MYT1L Antibody / Myelin transcription factor 1-like protein

Overview

MYT1L Antibody / Myelin transcription factor 1-like protein is an antibody targeting MYT1L, raised in Rabbit for protein detection and localization studies where these specifications are required.

Key elements and design rationale

• Target: MYT1L (reported localization: Nuclear).
• Antibody identity: Polyclonal (rabbit origin); Rabbit IgG.
• Conjugate/label: Unconjugated (affects detection chemistry and multiplex compatibility).
• Format: Antigen affinity purified.
• Species reactivity: Human.
• Listed applications: WB, IF, FACS, ELISA (refer to on-page specifications for application-specific guidance).

Biological background

Myelin transcription factor 1 like is a protein that in humans is encoded by the MYT1L gene. This gene encodes a member of the zinc finger superfamily of transcription factors whose expression, thus far, has been found only in neuronal tissues.
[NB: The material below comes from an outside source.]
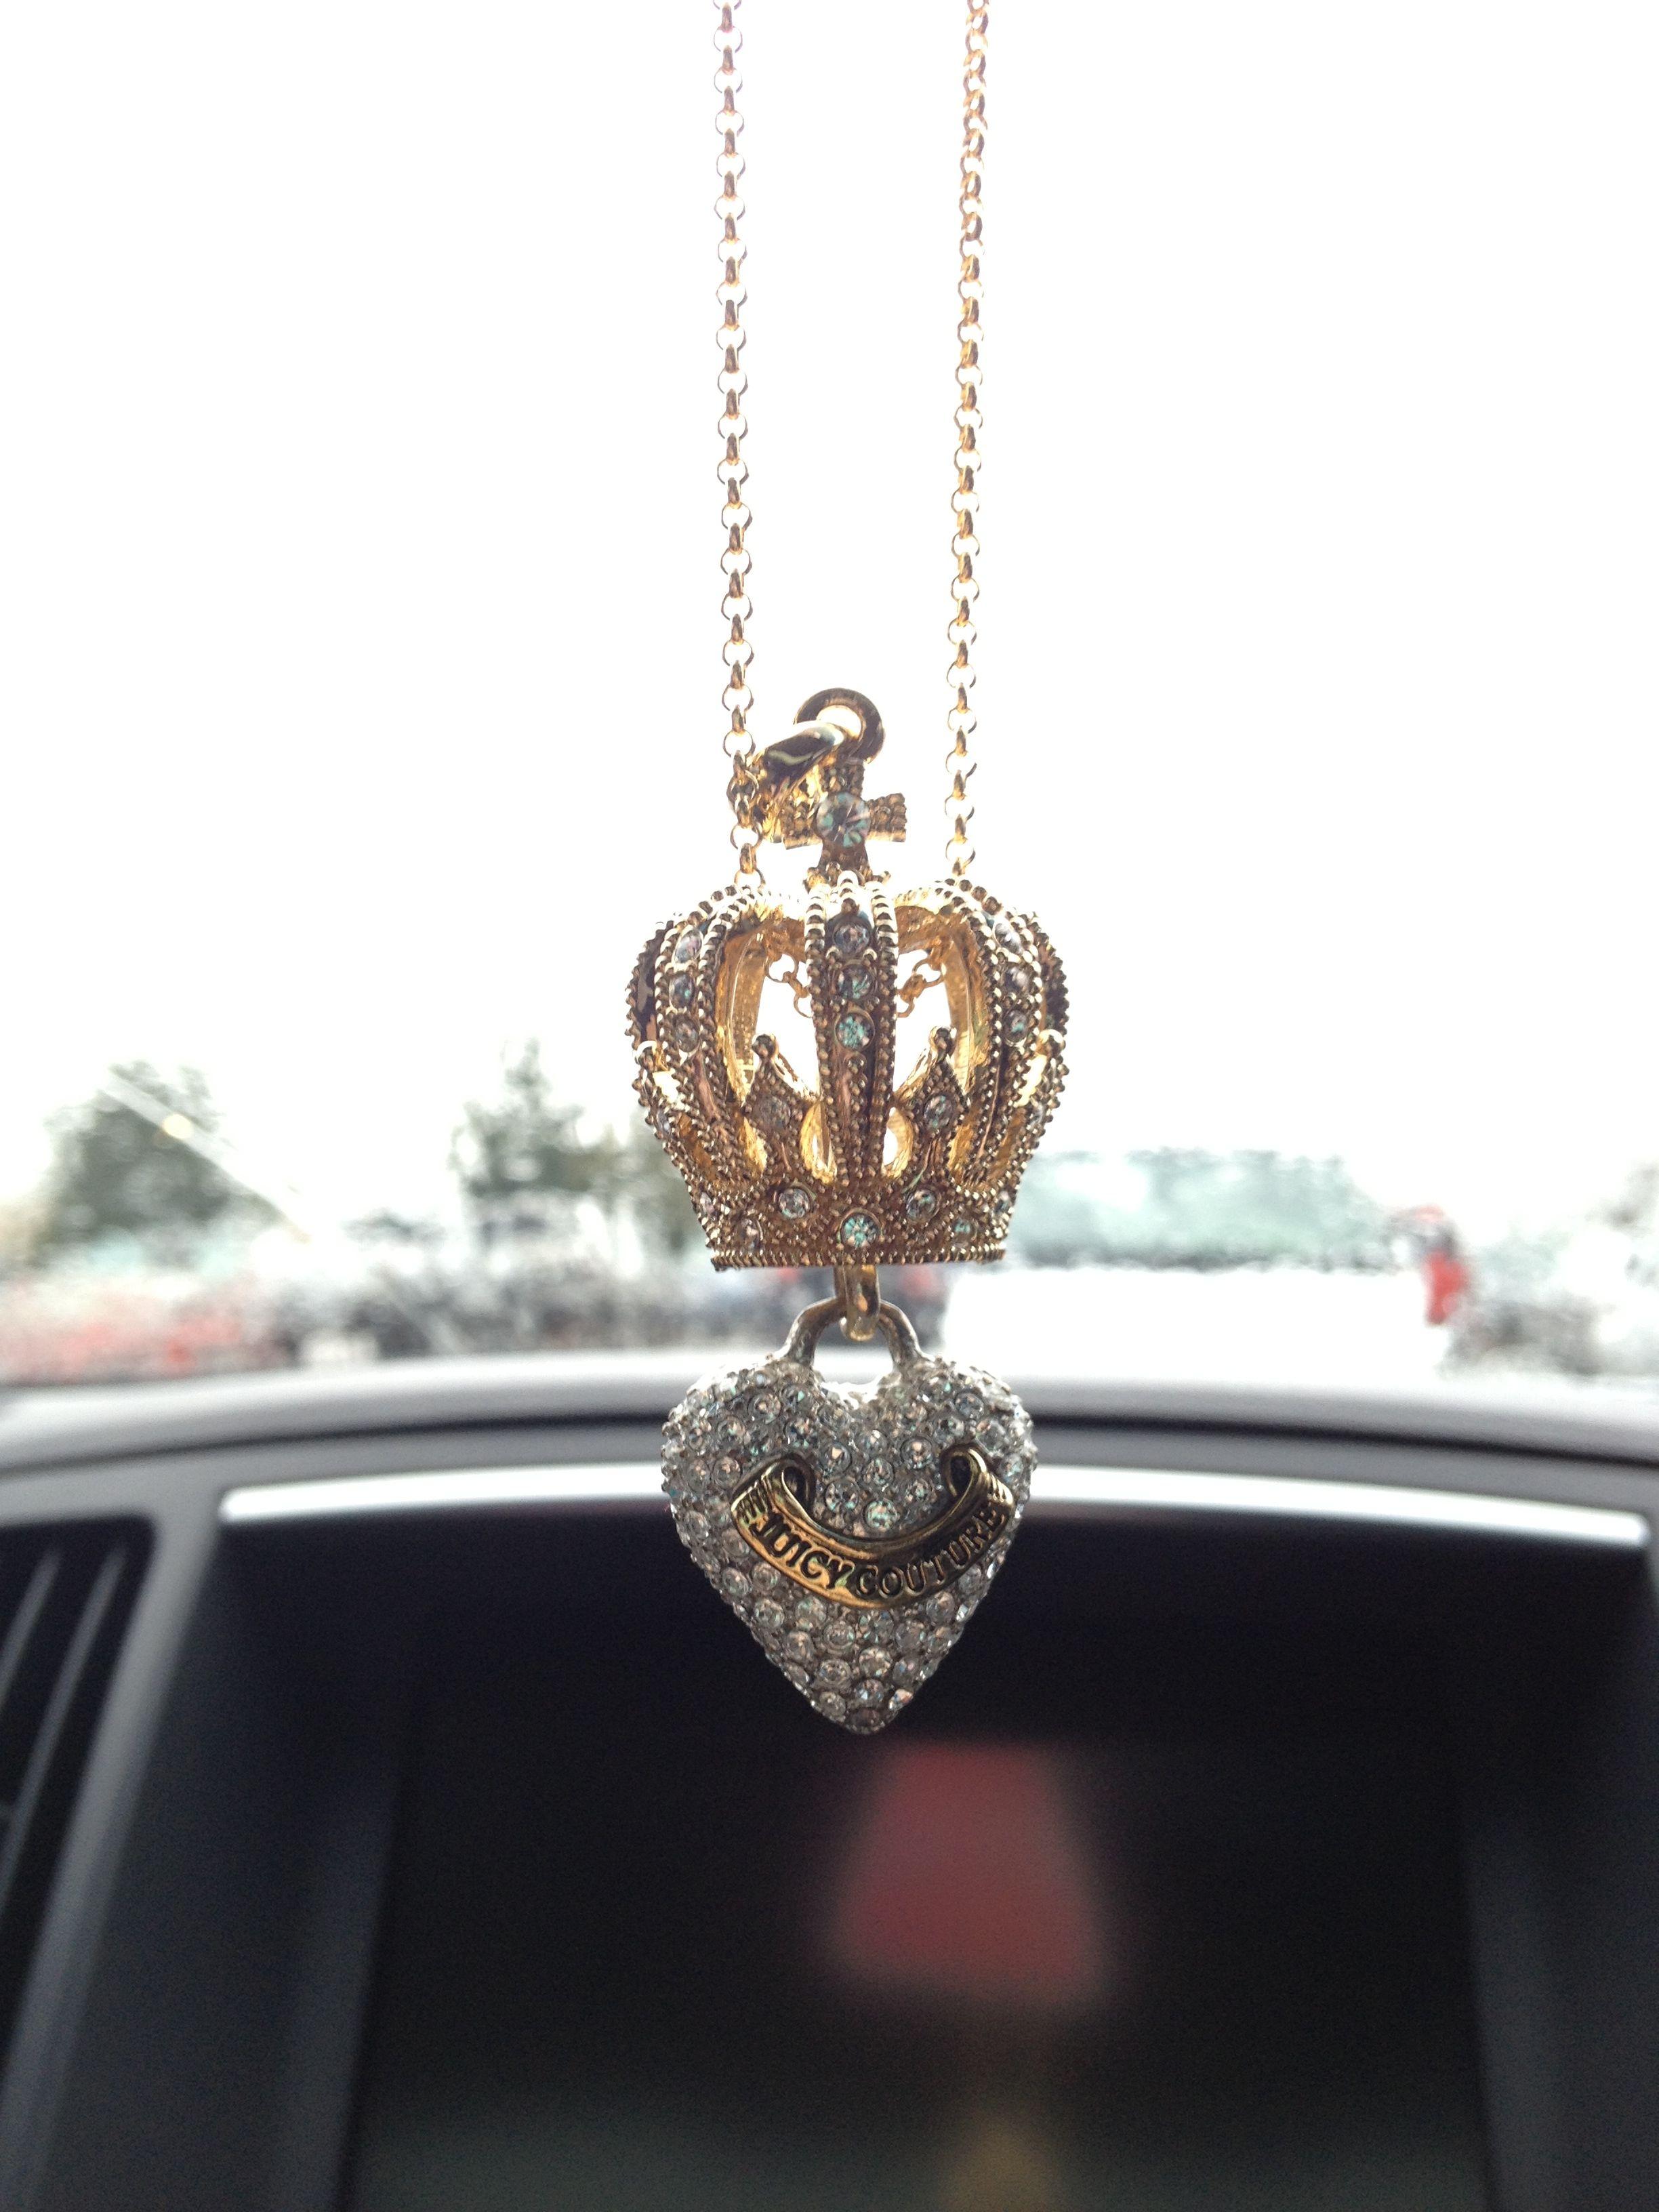 Retro Car Hanging Car Interior Accessories Rearview Mirror Pendant Ornaments

The encoded protein belongs to a novel class of cystein-cystein-histidine-cystein zinc finger proteins that function in the developing mammalian central nervous system. Forced expression of this gene in combination with the basic helix-loop-helix transcription factor NeuroD1 and the transcription factors POU class 3 homeobox 2 and achaete-scute family basic helix-loop-helix transcription factor 1 can convert fetal and postnatal human fibroblasts into induced neuronal cells, which are able to generate action potentials. Mutations in this gene have been associated with an autosomal dominant form of cognitive disability and with autism spectrum disorder. Alternative splicing results in multiple variants.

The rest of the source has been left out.